Le discours de campagne de DT était donc celui d’un démagogue habile qui a su conquérir un électorat, notamment populaire, avide de changement, en utilisant les vertus électorales d’annonces brutales exprimées dans un discours globalement nationaliste et provocateur. Mais il le fit avec une prudence évidente, par des formules calculées et, semble-t-il, en toute conscience des limites réelles des choix de rupture ainsi énoncés. Durant l’ensemble de sa campagne électorale, DT n’a probablement pas maîtrisé toutes les questions de politique et de sécurité internationale, mais ne nous y trompons pas, on était loin d’un bavardage de bouffon. Il fut d’ailleurs dûment conseillé par des experts et par des think tanks comme la « Heritage Foundation », institution ancienne et chevronnée mais particulièrement réactionnaire.

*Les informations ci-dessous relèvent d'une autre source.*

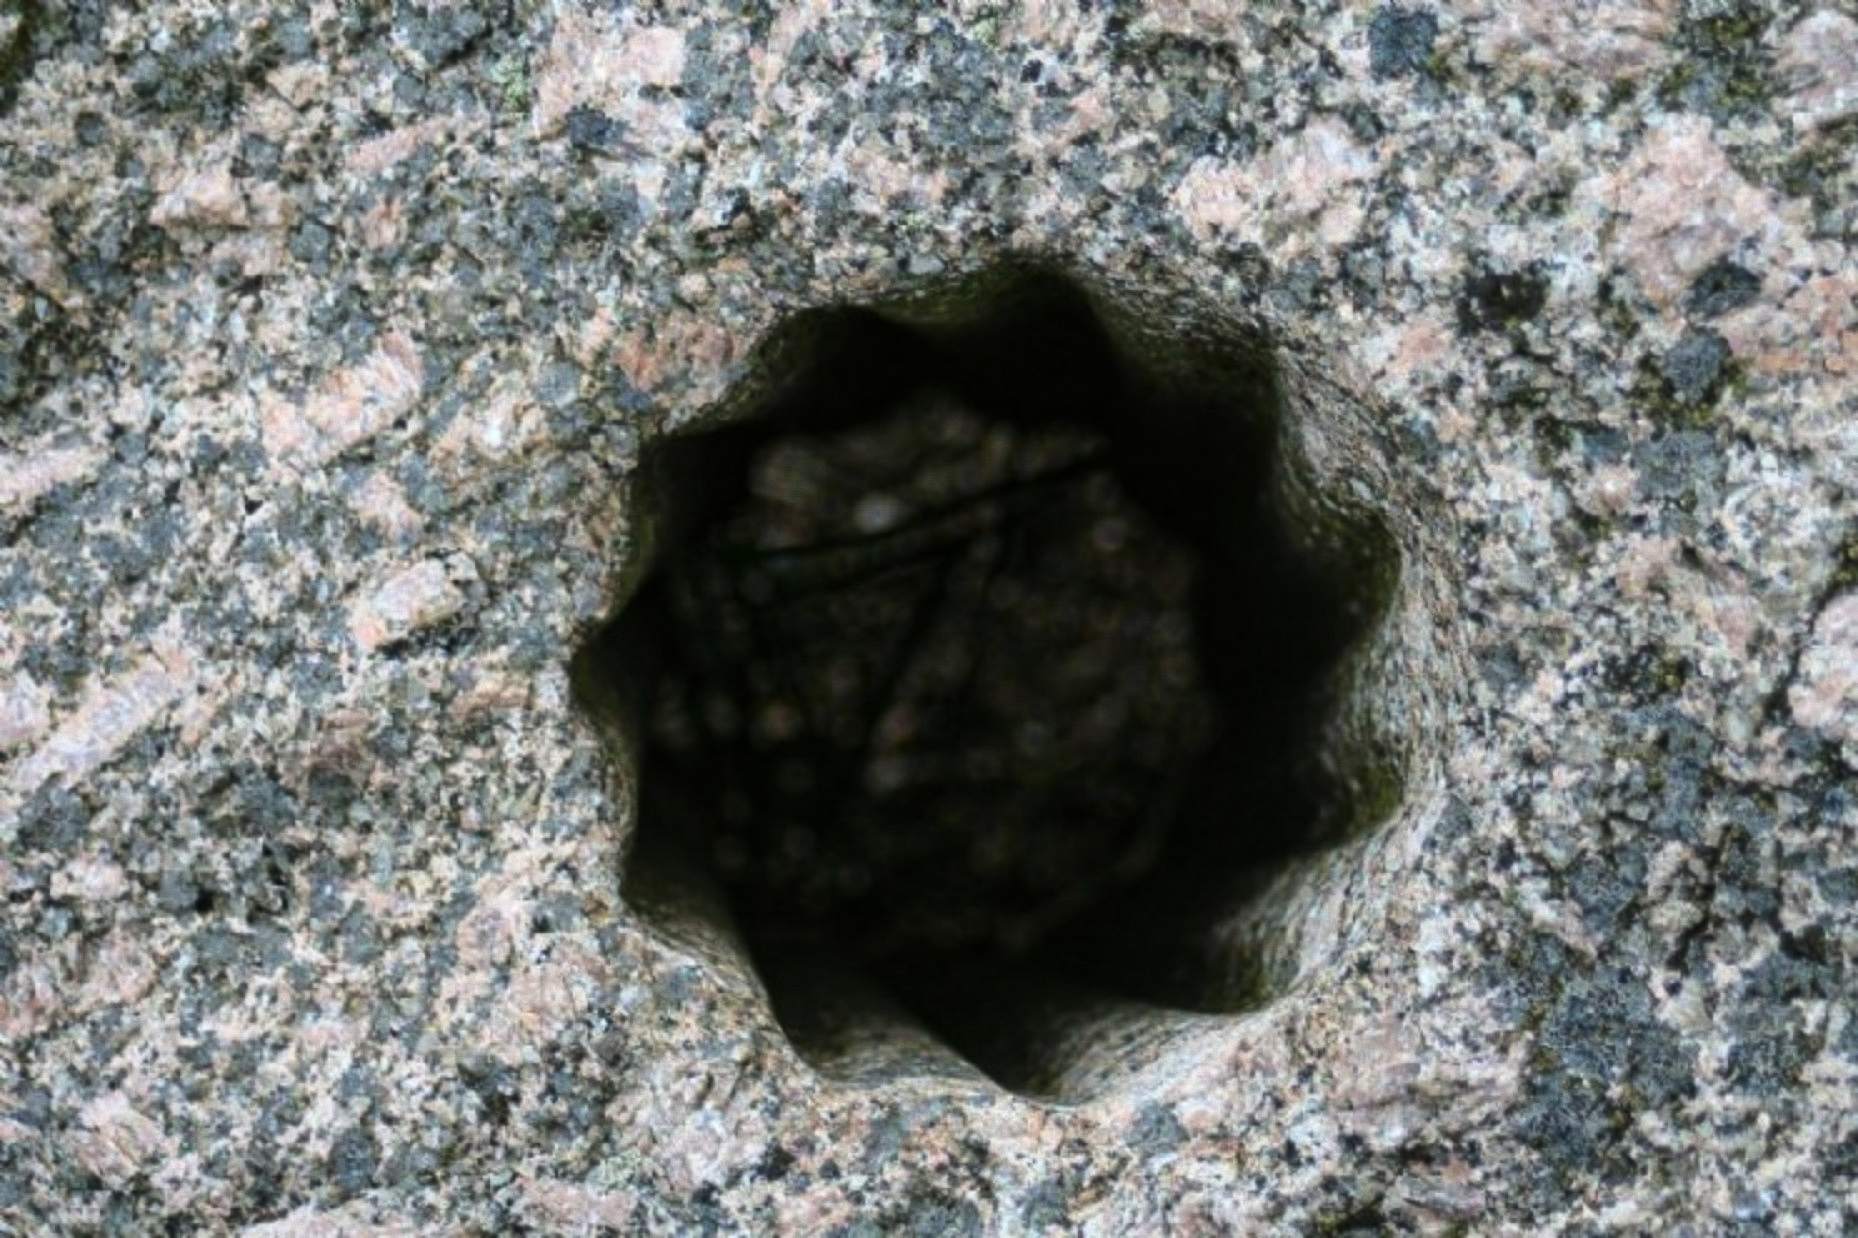 Ces étranges trous anciens en forme d'étoile ont été découverts creusés dans la pierre dure à Volda, en Norvège, une ville qui abritait autrefois de nombreux colons nordiques et qui est aujourd'hui répertoriée comme l'un des sites les plus importants pour les archéologues du pays.

Cette habileté perdure aujourd’hui dans une autre forme de « double standard ». Voici deux exemples.

Premier exemple : DT ne remet pas en cause l’Accord de Vienne sur le nucléaire iranien qui permet un compromis diplomatique et technique bienvenu pour la sécurité internationale, avec un processus de levée des sanctions vis à vis de Téhéran... Mais Trump fait monter la tension dans la relation entre les États-Unis et l’Iran, y compris sur le plan militaire, afin de montrer qu’il ne lâche rien et qu’il poursuit l’esprit et la politique de grande fermeté annoncée durant la campagne.

Début février, l’administration Trump avait ainsi décidé de nouvelles sanctions contre l’Iran en réponse à un lancement test de missiles, et plus précisément des sanctions ciblées sur une douzaine de sociétés et 13 personnes... Mais ce sont des sanctions ajustées.

On sait aussi, selon The Intercept (3), que le Secrétaire à la Défense, James Mattis, aurait décidé, courant février, d’intercepter un navire iranien suspecté de contrebande d’armes pour les combattants yéménites Houthis (considérés proche de Téhéran). Mattis aurait finalement stoppé lui-même l’opération au prétexte que le navire était dans des eaux internationales... et que sa préparation aurait fuité « illégalement »... Mais est-ce la seule raison ?

Pour les iraniens, une telle opération militaire aurait été considérée comme un acte délibéré de confrontation. Elle aurait été immanquablement suivie de représailles, donc d’un risque accru de guerre. On a le sentiment, qu’en fait, tout cela est bien calibré afin de jouer l’escalade en mesurant jusqu’où on peut aller. Et où il faut s’arrêter.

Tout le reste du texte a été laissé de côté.